Technical Development, Investment Background and the Impact of Agricultural Policy

Kapronczai, István

Keywords: technical development, high tech, investment, credit, subsidies, own resource, workforce, Q10, Q13

This study is the background material used for a lecture given at the April 2017 conference organized by the Gazdálkodás scientific journal. It strives to present a scientifically founded train of thought that address issues related to technical development issues.
This study found that, although the income and investment conditions of Hungarian agriculture have deteriorated in the past two years and the strengthening is not expected soon, there is still an opportunity to generate a relatively intensive investment period. This can be helped by the relatively high producer savings, bank financing capability, low interest rates and the still existing subsidies.
At the same time the investment decisions in practice are in many cases unwise, and are strongly linked to the existence or absence of subsidies.
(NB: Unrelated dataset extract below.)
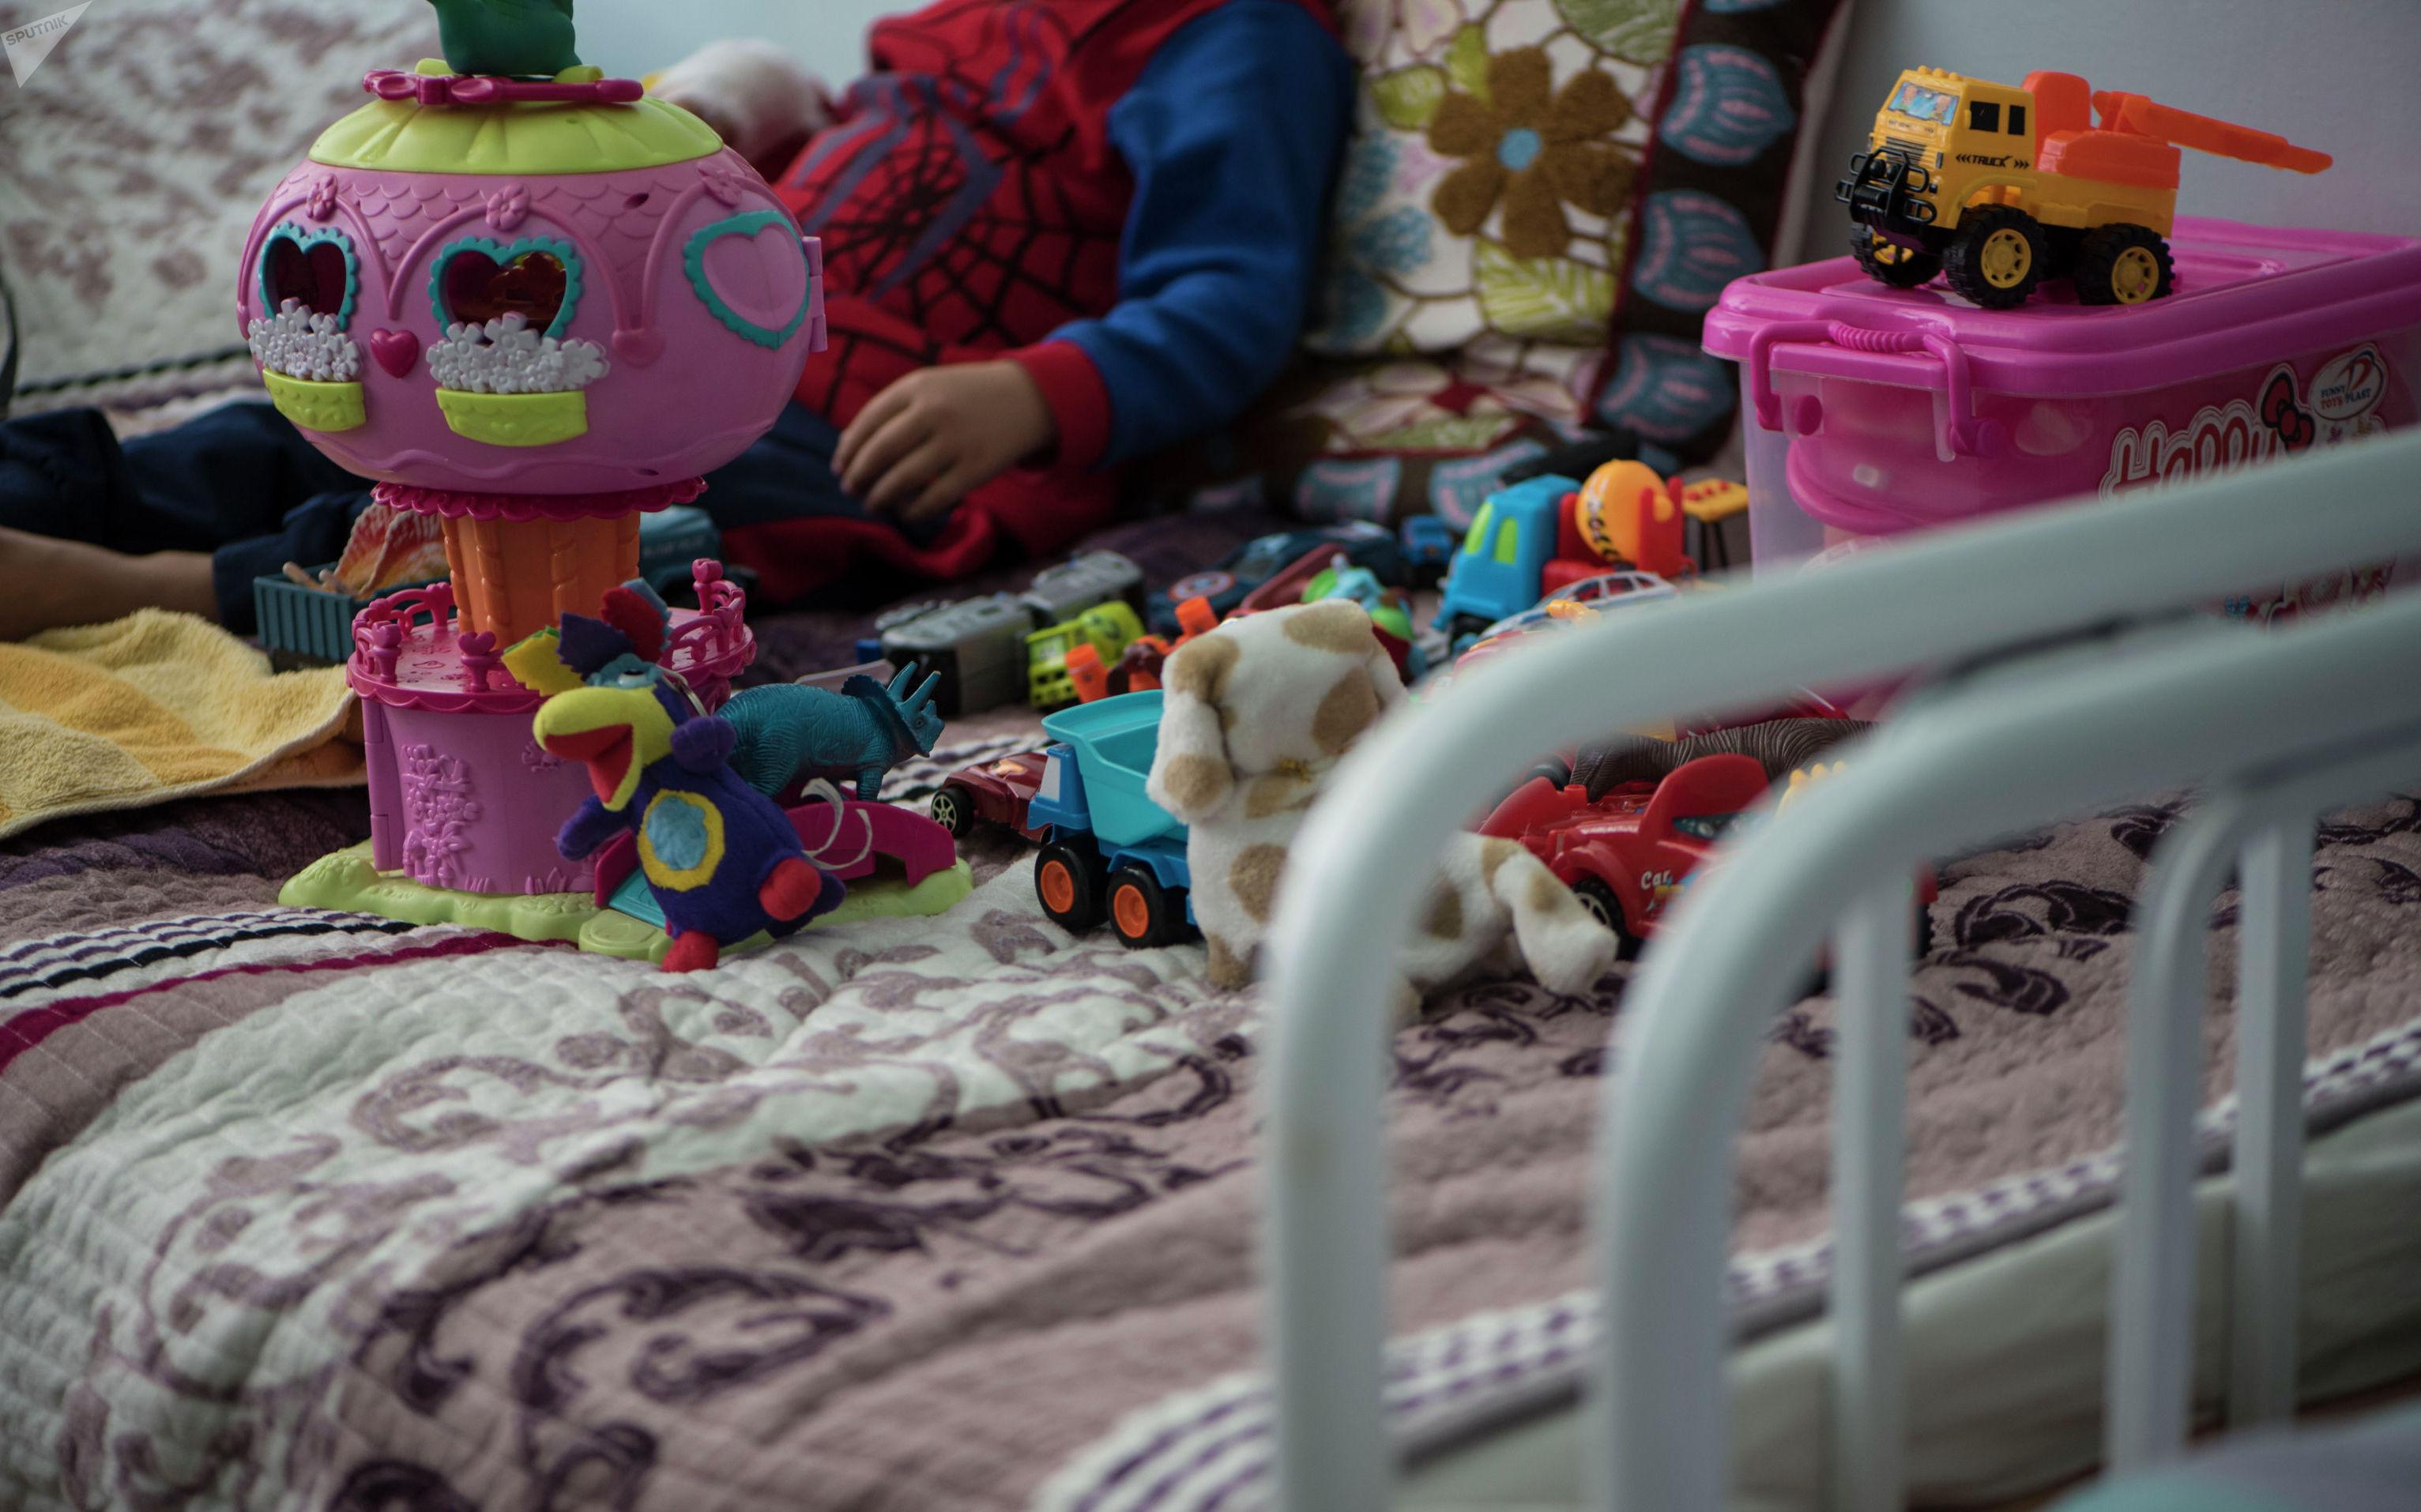 Трехлетний Медер, который страдает нейробластомой(высокозлокачественная опухоль)

Producers see “money for free” in subsidies, make in their investments accordingly and hence delay their economically needed development or “overinvest”, which also causes economic damage. In addition, subsidies and, consequently, investments have been highly volatile over the years, highlighting the importance of balanced agricultural policy choices.
Developing the intellectual (knowledge-based) potential and strengthening qualifications is an important condition for exploiting the benefits of engineering. Growth theories that the increasing of technical potential means realized profit only up to the point the level of knowledge of the operating human capital allows.
Growth curves flatten once they reach the limits of training, they can not break through. From these points, it is only the joint development of knowledge and technology that brings results. Therefore, we need to think about knowledge-based technical development. The improvement of this is hampered by the fact that most Hungarian producers do not recognize that their competitors have significantly overtaken them in market competition and refuse to learn from them.